Father Joseph Jones told Irish radio that senior army officers were to blame. Father Declan O'Toole, his driver and another companion were killed last Thursday evening. Father Jones said his late colleague had been assaulted by officers a fortnight ago after asking the army to be less aggressive in their campaign to disarm local residents. "If the army was involved, then they are the ones that should be punished and not those poor fellows who were executed yesterday, because if they did fire the shots, they were only acting on orders from senior officers," said Father Jones from the St Joseph's Society for Foreign Missions. 'Still breathing' The BBC's Nathan Etengu witnessed the execution of Corporal James Omediyo and Private Abdullah Mohammed.

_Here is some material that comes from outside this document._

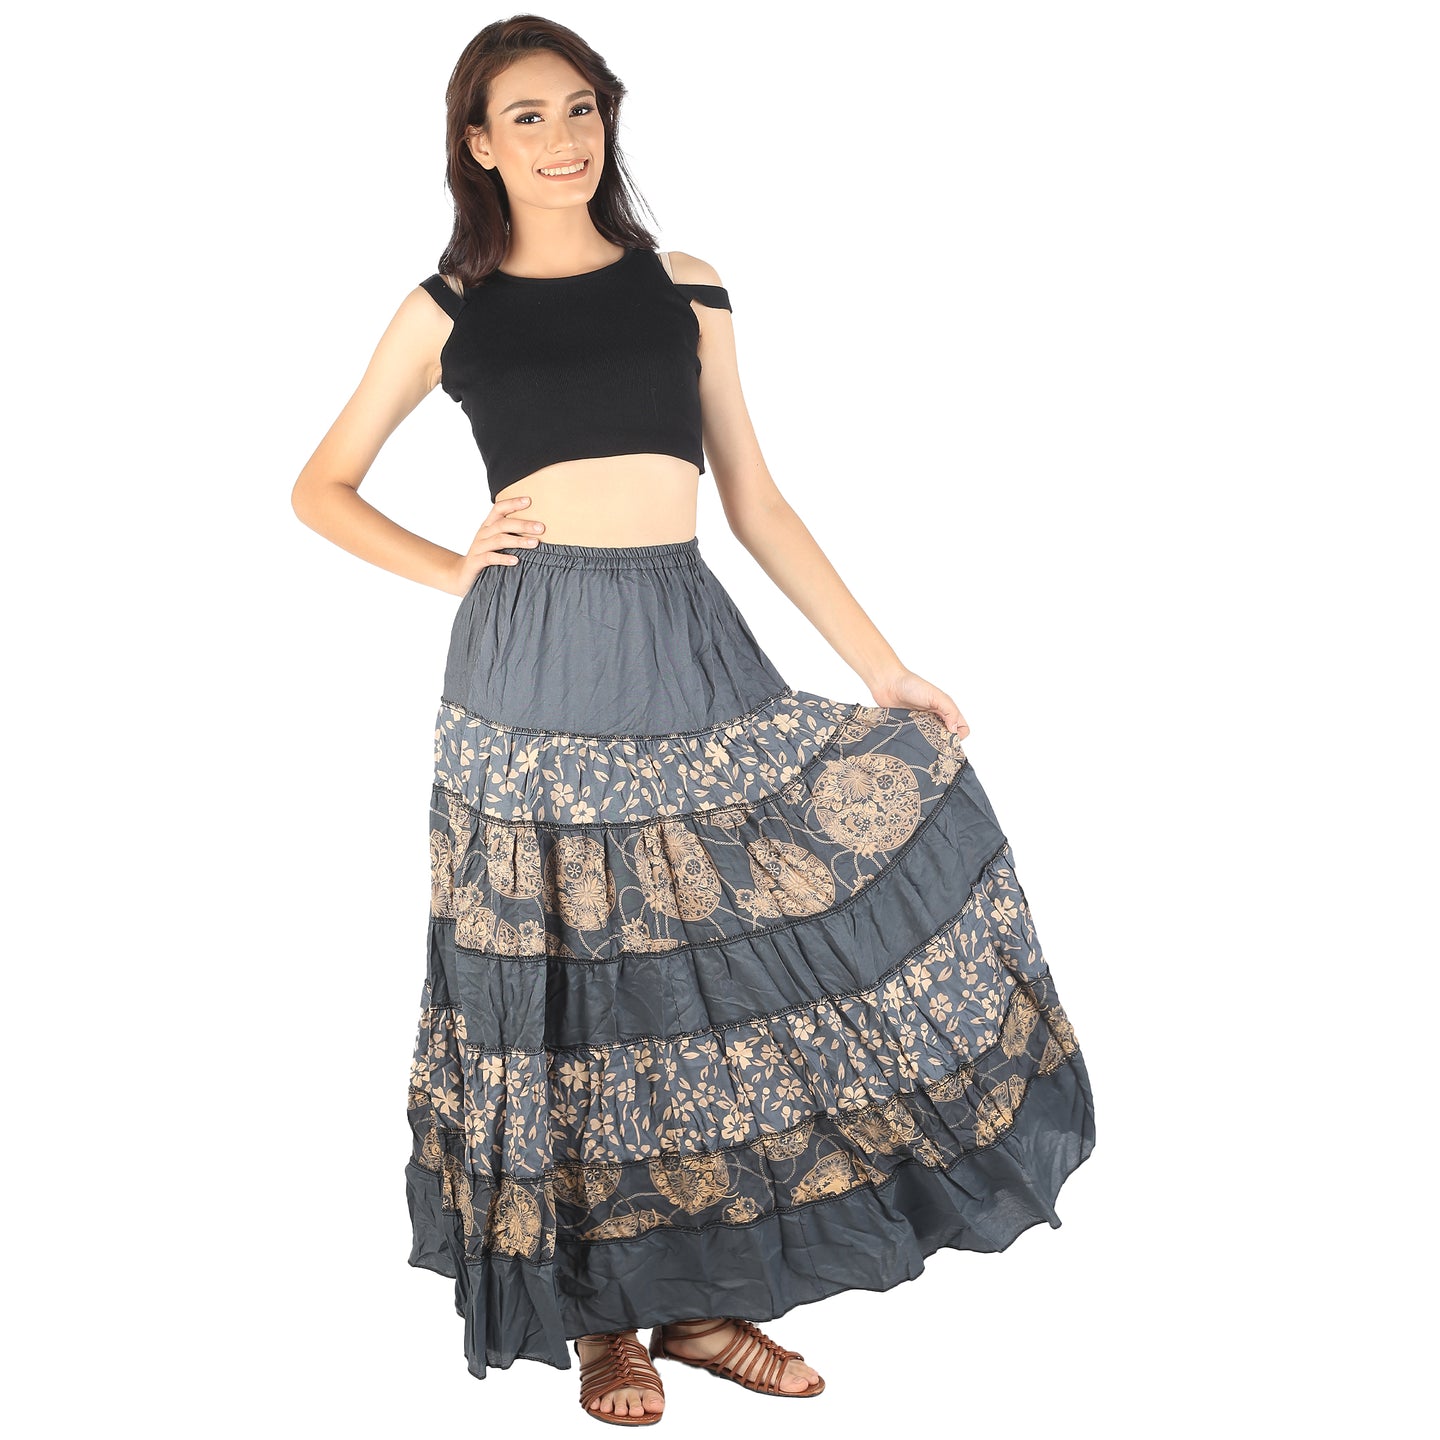 Floral Classic Women Skirts in Gray SK0067 020098 06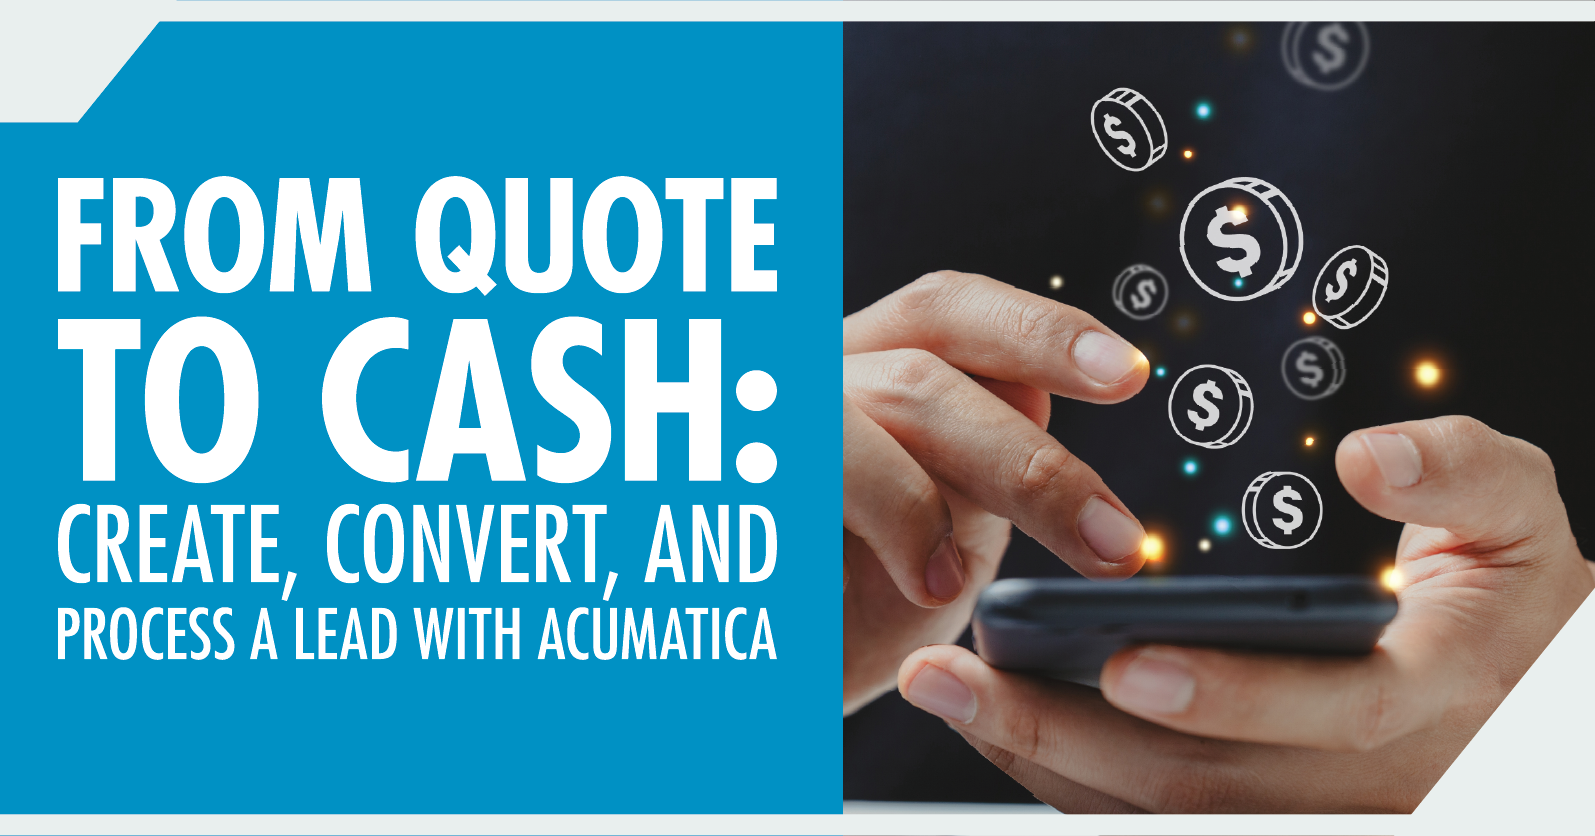 From Quote to Cash: Create, Convert, and Process a Lead with Acumatica

"They were tied to two separate trees and had their faces covered," he told Network Africa. "Then about 10 UPDF (Ugandan People's Defence Forces) soldiers putting on masks were brought and ordered to lie down and start firing. They fired their weapons continuously for about two minutes before a doctor was told to check whether the two were dead, he said. "The doctor found that one was still breathing, so he was shot at close range by a senior officer in the head using a pistol," said our correspondent.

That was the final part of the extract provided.